Post-Quantum Cryptography
Overview
rpxy
provides cutting-edge security by supporting post-quantum cryptography, protecting your applications against future quantum computing threats. This feature is enabled by default and requires no special configuration.
What is Post-Quantum Cryptography?
Post-quantum cryptography refers to cryptographic algorithms that are secure against attacks by quantum computers. As quantum computing technology advances, traditional cryptographic methods like RSA and ECC may become vulnerable. Post-quantum algorithms are designed to remain secure even when powerful quantum computers become available.
rpxy’s Implementation
Technical Foundation
rpxy
enables post-quantum cryptography through the rustls-post-quantum
library, which provides post-quantum key exchange algorithms for rustls. This integration allows rpxy
to offer cutting-edge cryptographic security with minimal configuration.
Hybrid Key Exchange
rpxy
implements hybrid post-quantum key exchange that combines:
- Classical cryptography (X25519) - Proven security for current threats
- Post-quantum cryptography (ML-KEM 768) - Protection against quantum attacks
This hybrid approach provides:
- Backward compatibility with existing systems
- Future-proof security against quantum threats
- Performance optimization without sacrificing security
Supported Algorithms
rpxy
, combining X25519 elliptic curve cryptography with ML-KEM 768 (formerly Kyber768) post-quantum cryptography.Protocol Coverage
Post-quantum cryptography is supported across all secure protocols:
- TLS 1.3 - All HTTPS connections use post-quantum key exchange
- QUIC and HTTP/3 - Post-quantum security for next-generation protocols
- Automatic negotiation - Clients and servers negotiate the best available algorithm
Configuration
Default Behavior
Post-quantum cryptography is enabled by default in rpxy
. No configuration changes are required:
# Post-quantum TLS is automatically enabled for all applications
[apps."secure_app"]
server_name = 'example.com'
reverse_proxy = [{ upstream = [{ location = 'backend:8080' }] }]
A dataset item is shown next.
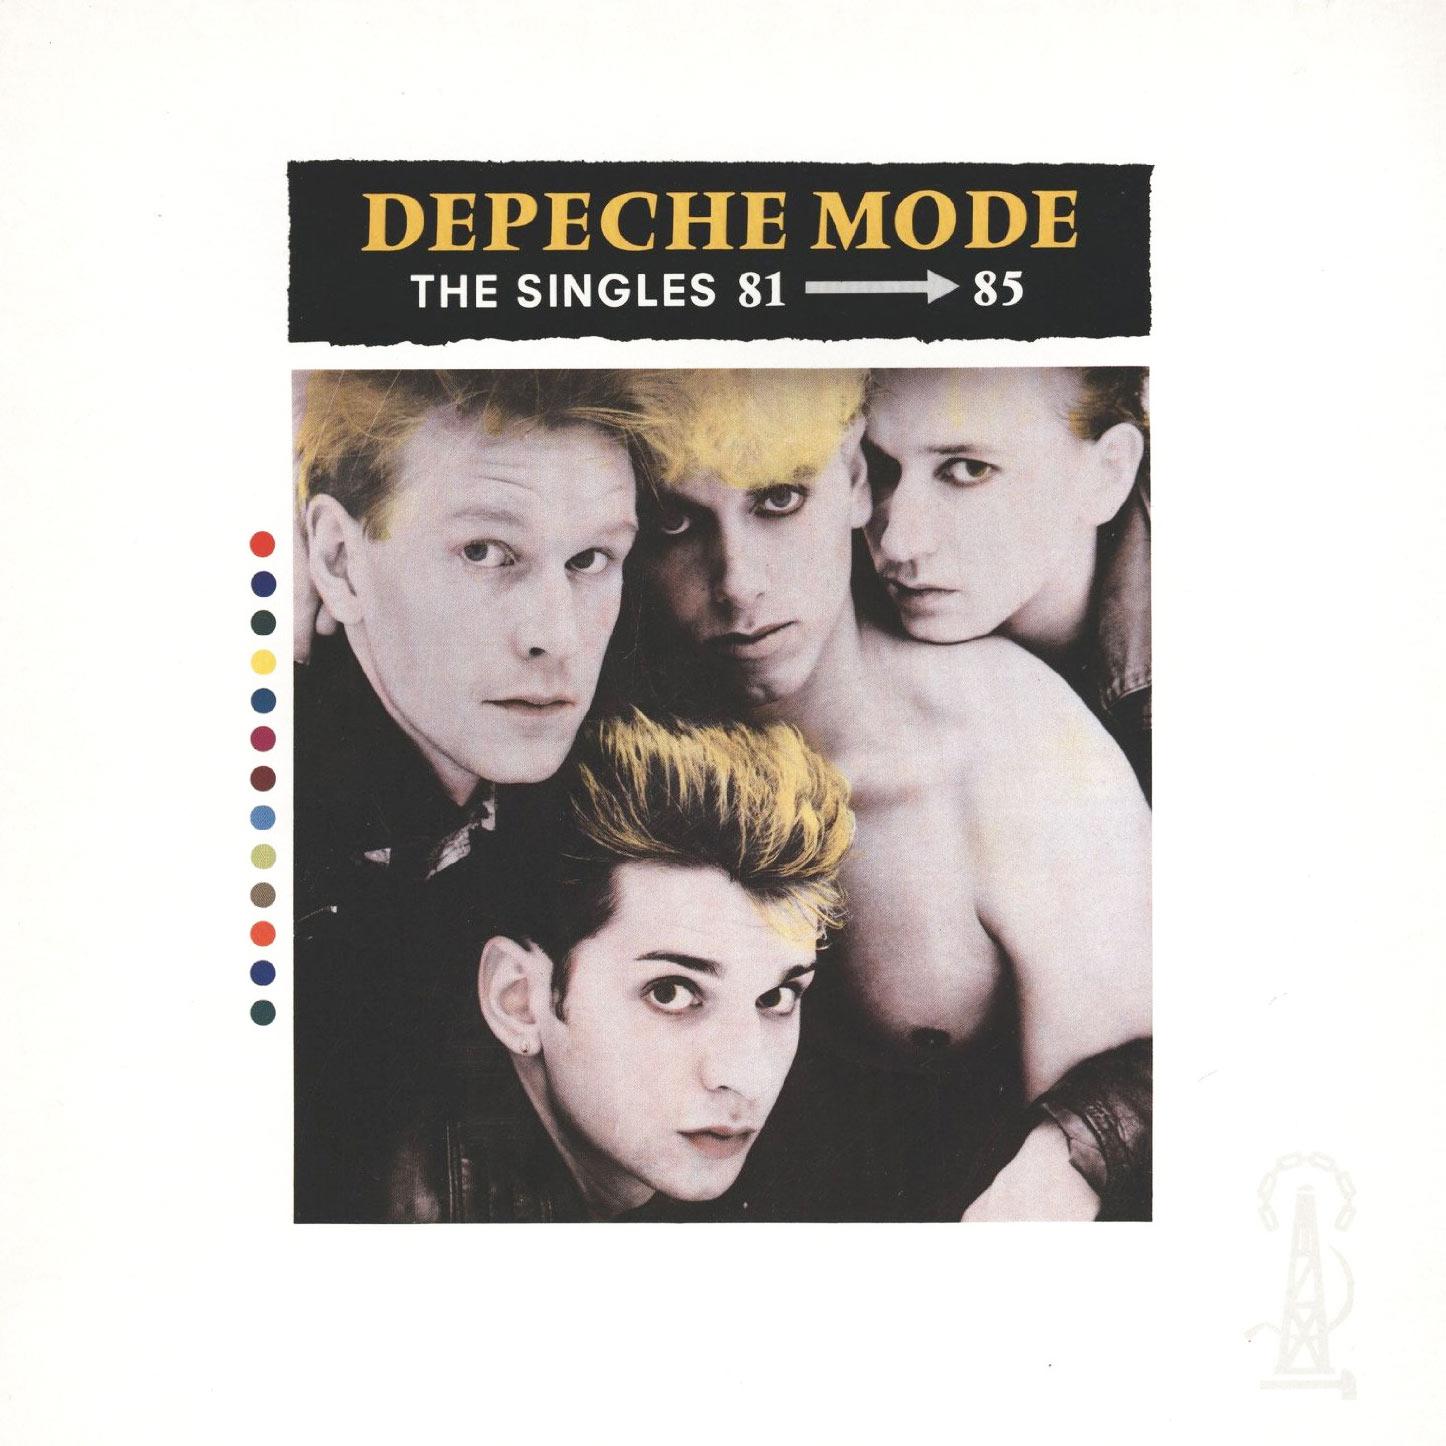 Depeche Mode: The Singles 81 - 85

tls = { https_redirection = true }
Verification
You can verify post-quantum key exchange is active by:
- Checking TLS handshake logs - Look for
MLKEM768
or something like that in debug output - Using OpenSSL s_client - Examine cipher suite negotiation
- Network analysis tools - Inspect TLS handshake packets
Security Benefits
Current Protection
- Traditional threats - RSA, ECC still secure against classical computers
- Side-channel attacks - Rust’s memory safety provides additional protection
- Perfect forward secrecy - Session keys remain secure even if long-term keys are compromised
Future Protection
- Quantum resistance - Algorithms designed to withstand quantum attacks
- Long-term security - Data encrypted today remains secure in the quantum era
- Cryptographic agility - Easy transition to new algorithms as standards evolve
Performance Impact
Industry Standards
rpxy
’s post-quantum implementation follows:
- IETF drafts - Implements draft-kwiatkowski-tls-ecdhe-mlkem-03 and draft-ietf-tls-hybrid-design
- NIST standards - Uses standardized ML-KEM (FIPS 203) cryptographic primitives
- Industry adoption - Compatible with other implementations following the same IETF drafts
Compatibility
Client Support
Modern browsers and HTTP clients increasingly support post-quantum key exchange:
- Chrome/Chromium - Experimental support available
- Firefox - Support in development
- OpenSSL - Recent versions support hybrid algorithms
Fallback Behavior
If clients don’t support post-quantum algorithms, rpxy
automatically falls back to classical cryptography, ensuring compatibility while providing enhanced security when possible.